If no ORFs, then search the sequence for conserved domains. Conserved domains are functional units of a protein that act as building blocks in molecular evolution and recombine in various arrangements to make proteins with different functions. This website points to the Conserved Domain Database.

https://www.ncbi.nlm.nih.gov/Structure/cdd/wrpsb.cgi

Screenshot of the Conserved Domains site displayed in Fig 4.

Figure 4. Screenshot homepage conserved domains search site at NCBI.

Figure 5. Screenshot of graphics results from Conserved Domains website for hemoglobin subunit beta.

Use of UGENE ORF finder menus.

1. Start UGENE.

2. Import sequence from file, or enter directly via File > New document from text...

Can import sequences one at a time or paste multiple sequences in FASTA format into the box. In this example, ten random sequences named Seq01 – Seq10 were imported.

Figure 6. Screenshot of import sequence in UGENE.

One the sequence is accepted it will be visible in UGENE’s sequence window (Fig 7).

Figure 7. Screenshot of UGENE sequence window with imported DNA sequences.

3. Next, open Orf Maker.
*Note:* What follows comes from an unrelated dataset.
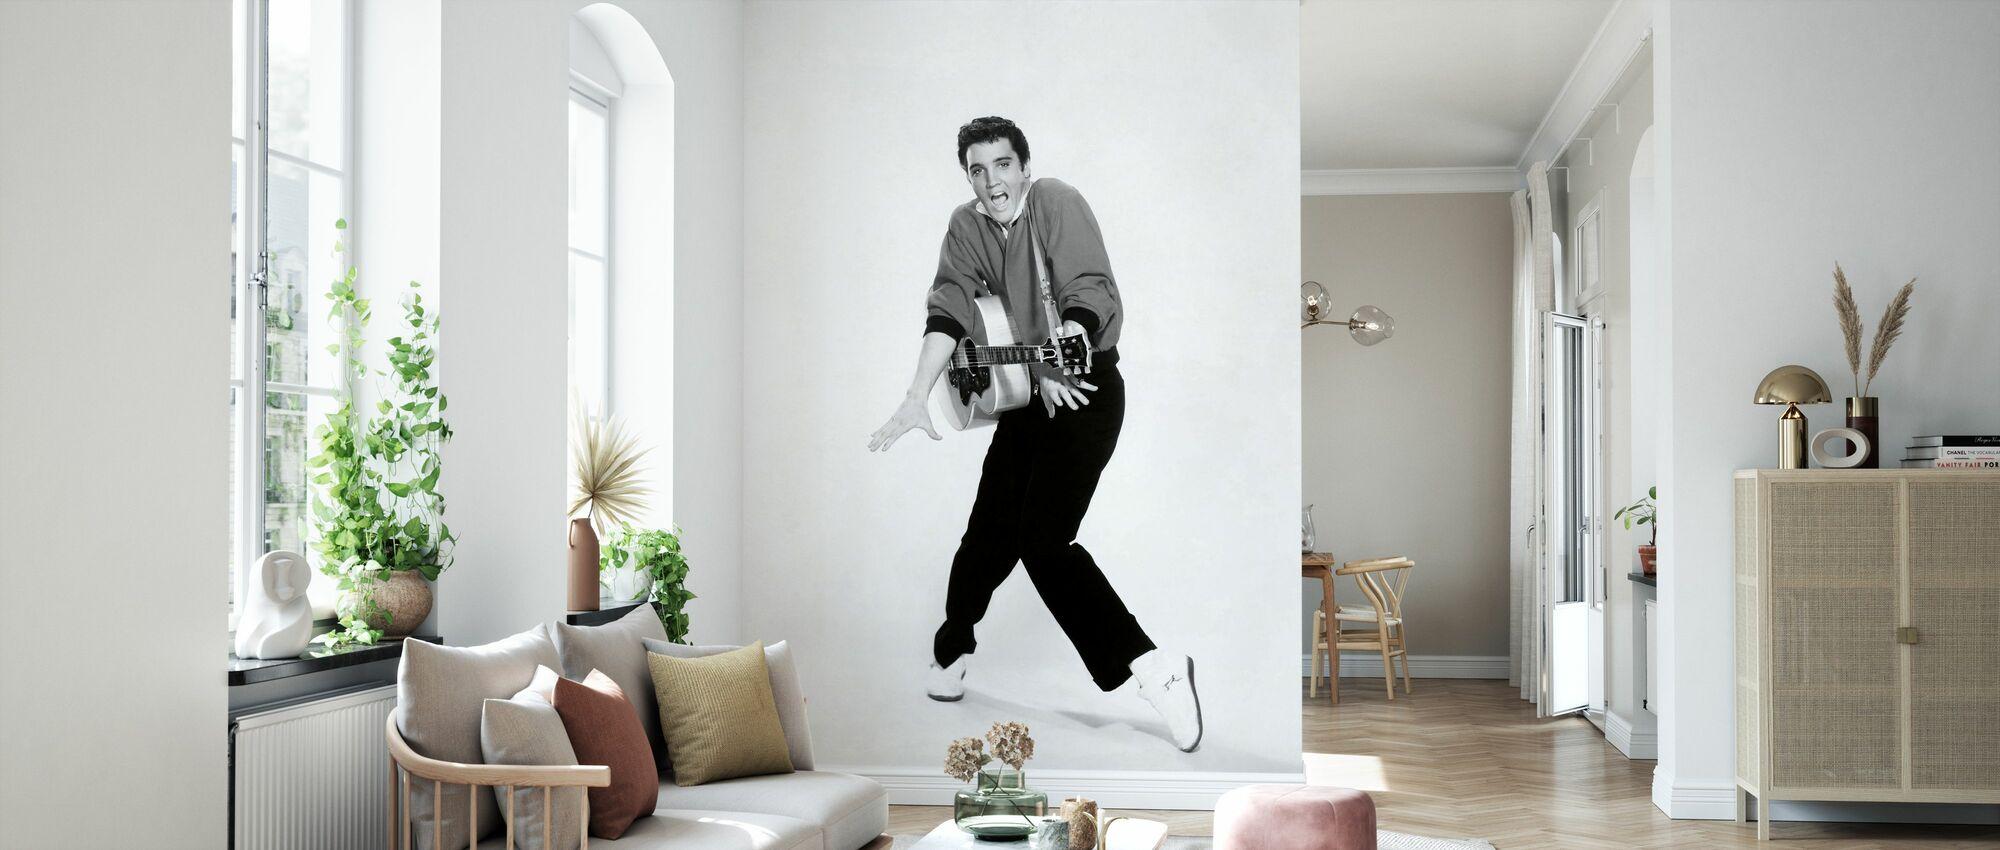 Jailhouse Rock - Elvis Presley - Wallpaper - Living Room

UGENE menu: Actions > Analyze > Find Orfs...Adjust settings or go with the defaults (Fig 8).

Figure 8. Screenshot UGENE ORF maker settings.

4. Before proceeding, click on the Output tab and enter information to save results to a text file (Fig 9).

Figure 7. Screenshot UGENE ORF maker Output menu with file output information.

Once the settings are completed, click OK to proceed to search for ORFs.

5. Once ORF maker is complete, UGENE returns to the sequence viewer, now replete with annotations on your sequence(s) (Fig 8).

ORFs are noted in orange arrows. The direction of the arrows indicates the direction of translation among the six possible reading frames given a DNA sequence. Right-pointing arrows suggest translation along the forward strand, while left-pointing arrows suggest translation along the reverse strand. Of course, translation always proceeds 5-prime to 3-prime.

Figure 8. Screenshot UGENE ORF maker results displayed in sequence viewer.

6. Save the results.

Select one or more “orf” from the table displayed below the sequence viewer. For this example, I selected the first orf returned (Fig 8).

Go to Actions > Copy/Paste> Copy annotation amino acids

Figure 9. Screenshot UGENE menu selection to copy annotation results. 

We summarize the results: eleven ORFs were identified, ranging in length from 42 to 183 nt. Putative proteins ranged in size from 13 to 60 amino acids.

Next steps could be to run BLAST on one or more of the ORFs to verify its function, identify mutations, and determine its relationship to other genes. We can select them one at a time by clicking on the subset table at lower right of the sequence viewer (eg, Fig 8).


What to do, what to turn in

  1. Generate your own random 1000 nt long DNA sequence at https://www.bioinformatics.org/sms2/random_dna.html
  2. Paste your sequence in FASTA format to ORF Finder, set ORF length to 30, then investigate for presence of ORFs.
    • Copy and paste this same random sequence into the text submit box, no screenshots (so I can recreate your work).
  3. Capture a screenshot like the one in Figure 2. If no ORFs found, report as such.
  4. Select one ORF and do BLAST search. Report your results.
  5. Your responses to other questions in this handout should be placed in your notebook.